Last night before bed, I asked the boys to list off some of the lessons they’ve learned from the show thus far. Their answers were both insightful and humorous.

  • Never try to keep a raccoon for a pet.
  • Don’t spoil your kids or they will be mean like Nellie.
  • Be grateful for what you have.
  • Don’t blow yourself up with dynamite.
  • If you are good to others, they will be good friends.
  • It’s okay to push a bully if they’re asking for it.
  • Wear your glasses even if other kids call you “Four Eyes.”
  • Never climb a tree to get a kite. It’s not worth it.
  • Once upon a time, Mankato was the big city.

I’m chagrined to admit that I get teary eyed at nearly each episode, but watching the shows again has reminded me of how much I have to appreciate and how little time I spend actually appreciating it. I’m thankful that I don’t have to go outside to pee in the middle of the night in the dead of winter. I’m thankful that I have an ample supply of hot water at my fingertips. I’m thankful that my house is heated and I’m not perpetually doomed to smell like a campfire. And I’m eternally thankful that I don’t have to deal with that bitchy Harriet Oleson.
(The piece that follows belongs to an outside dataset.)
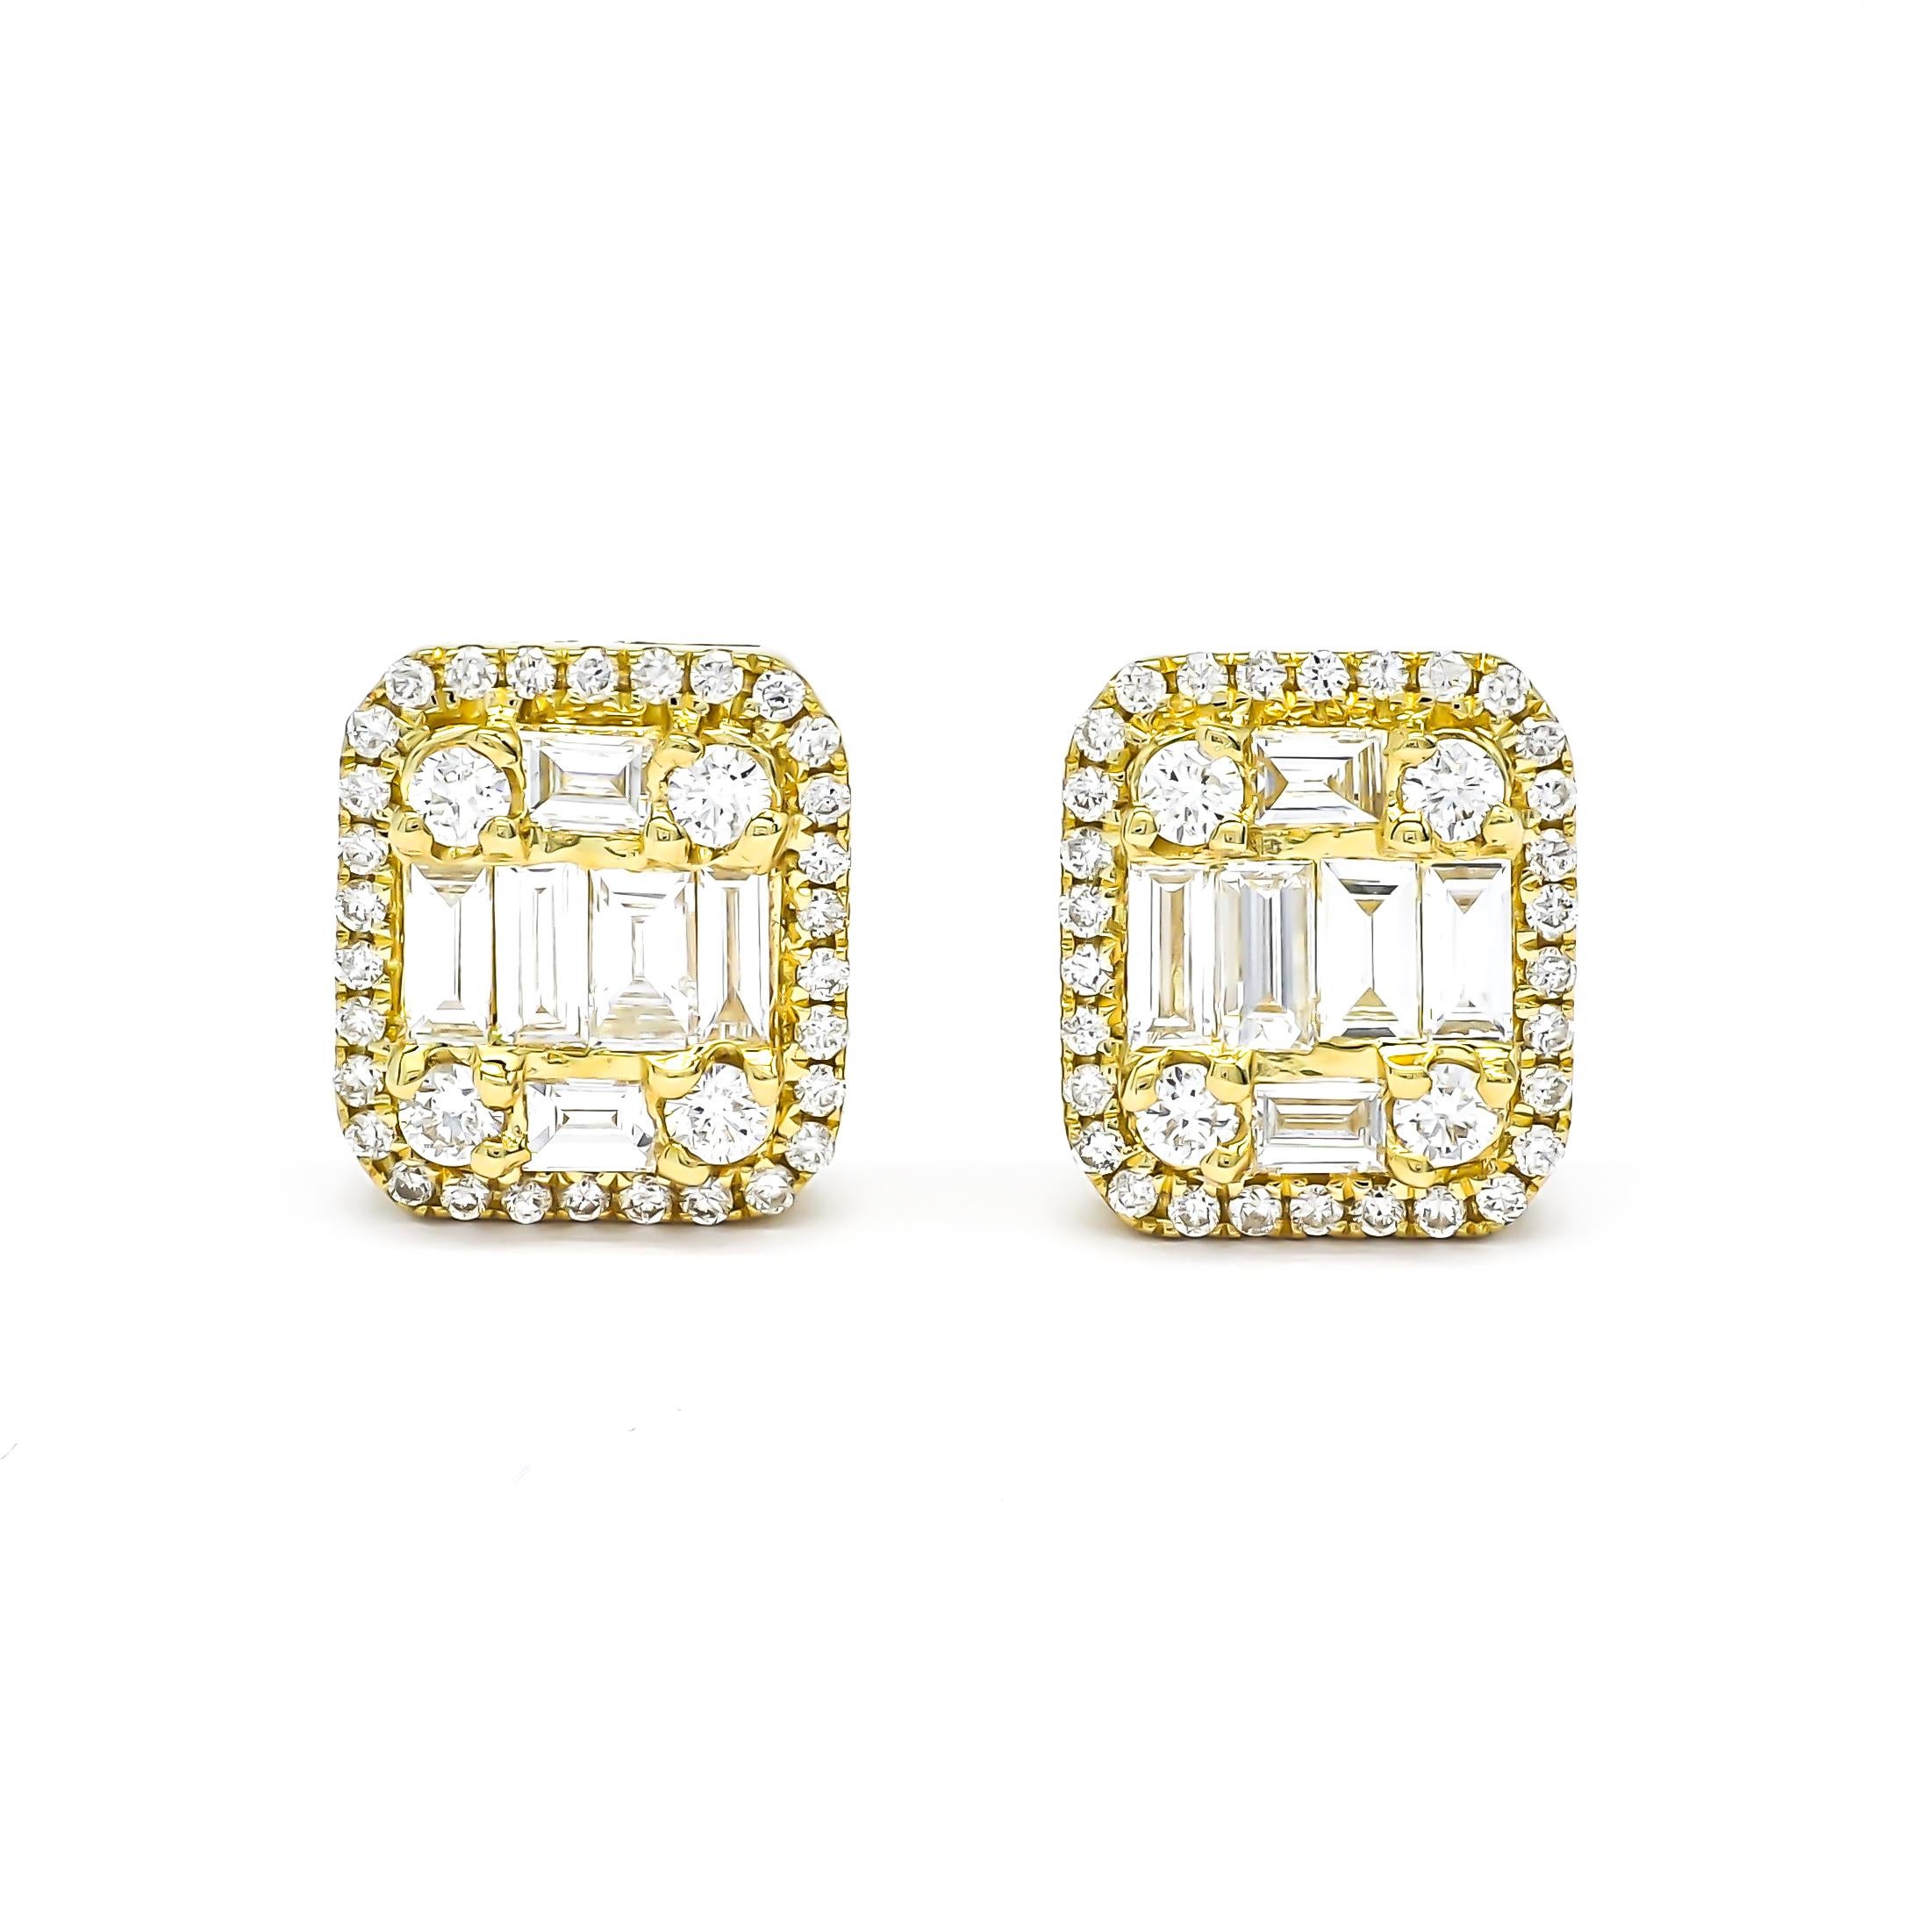 Indulge in luxury with these handmade 18KT yellow gold halo cluster stud earrings. The cluster design exudes elegance and luxury, featuring only natural diamonds of the highest quality. The center of each earring boasts baguette cut diamonds,
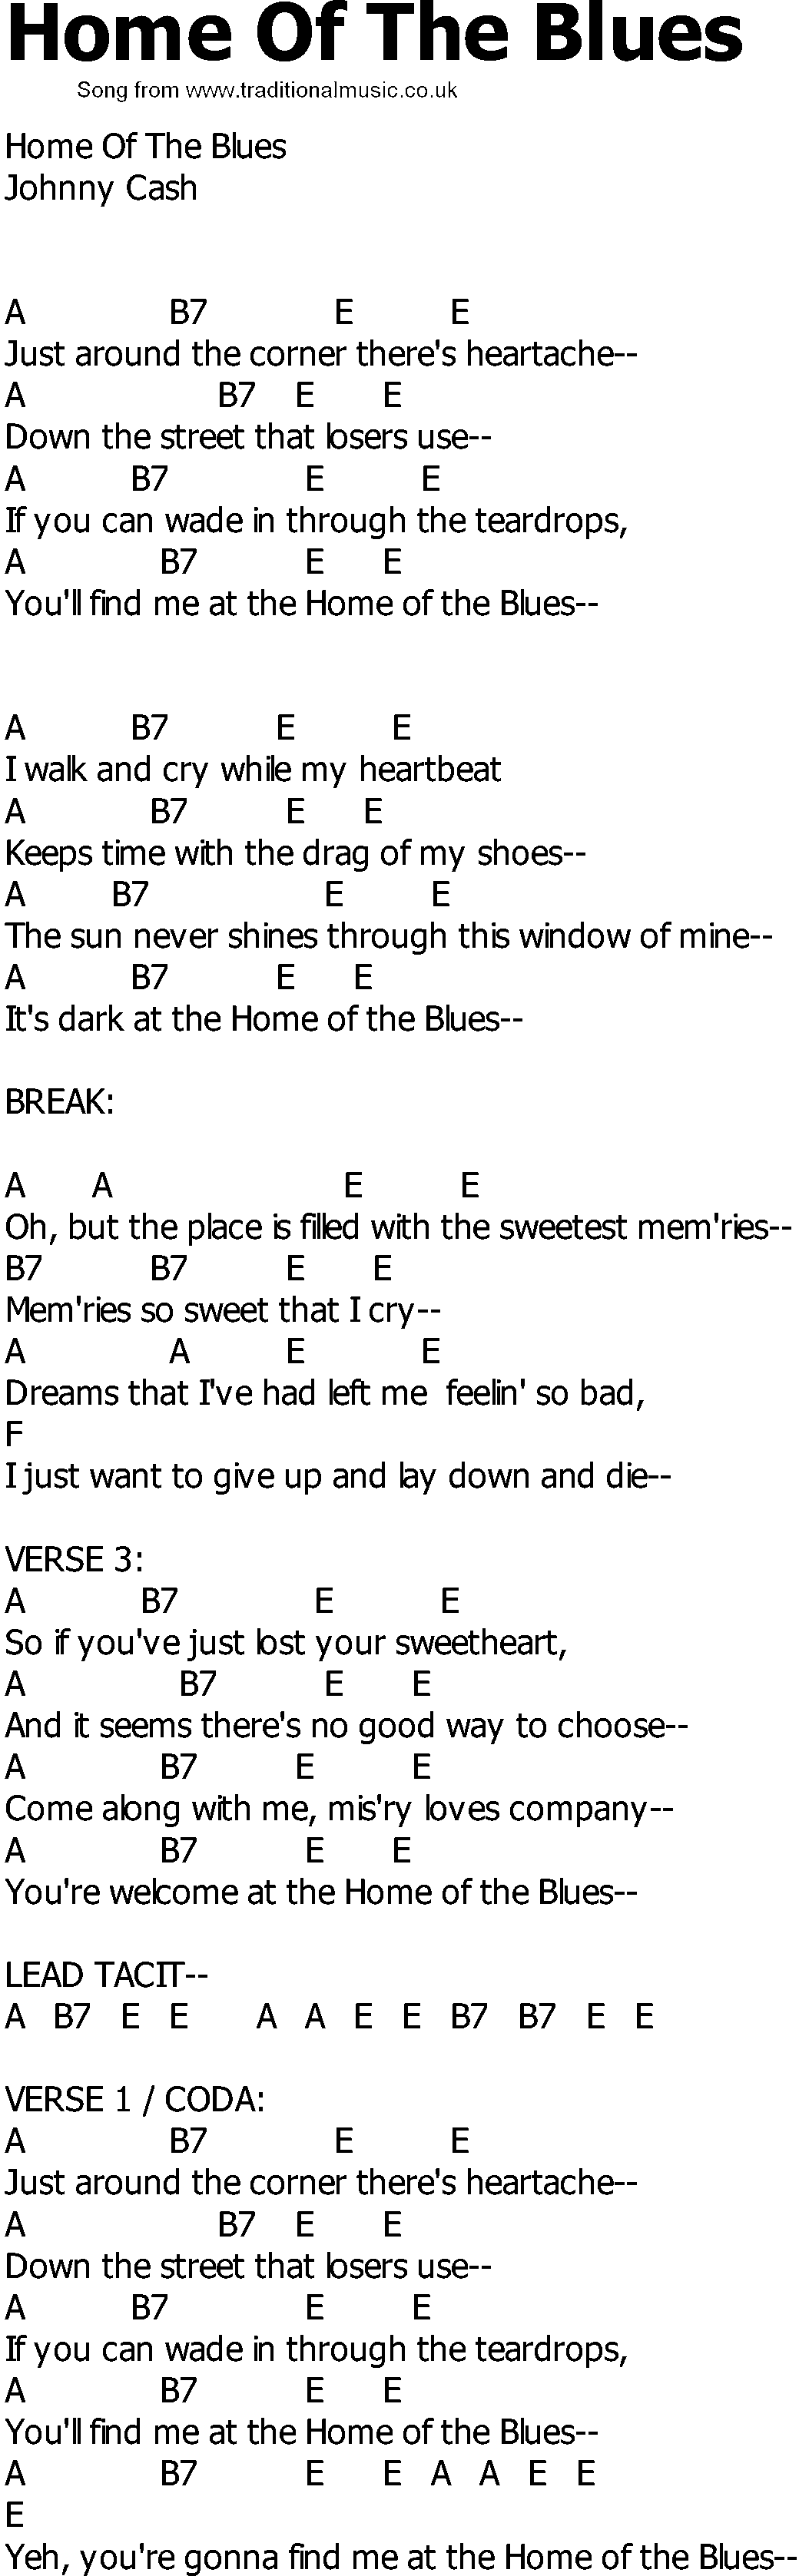 Old Country song lyrics with chords - Home Of The Blues

Mostly, though, what I’m taking away from our addiction to Little House is time with my family, snuggled on the couch, talking about life and love and friendship. I’m happy to have this time with my boys before they become teens and want nothing more to do with me. I’m also thrilled to know that when times get tough for my little guys in the next few years we’ll be able to draw upon the things we’ve observed with the Ingalls. And, if they give me a hard time about their Christmas gifts this year, I’m just going to remind them that Laura received a tin cup, a piece of peppermint candy, and a shiny new penny and said it was the best Christmas ever.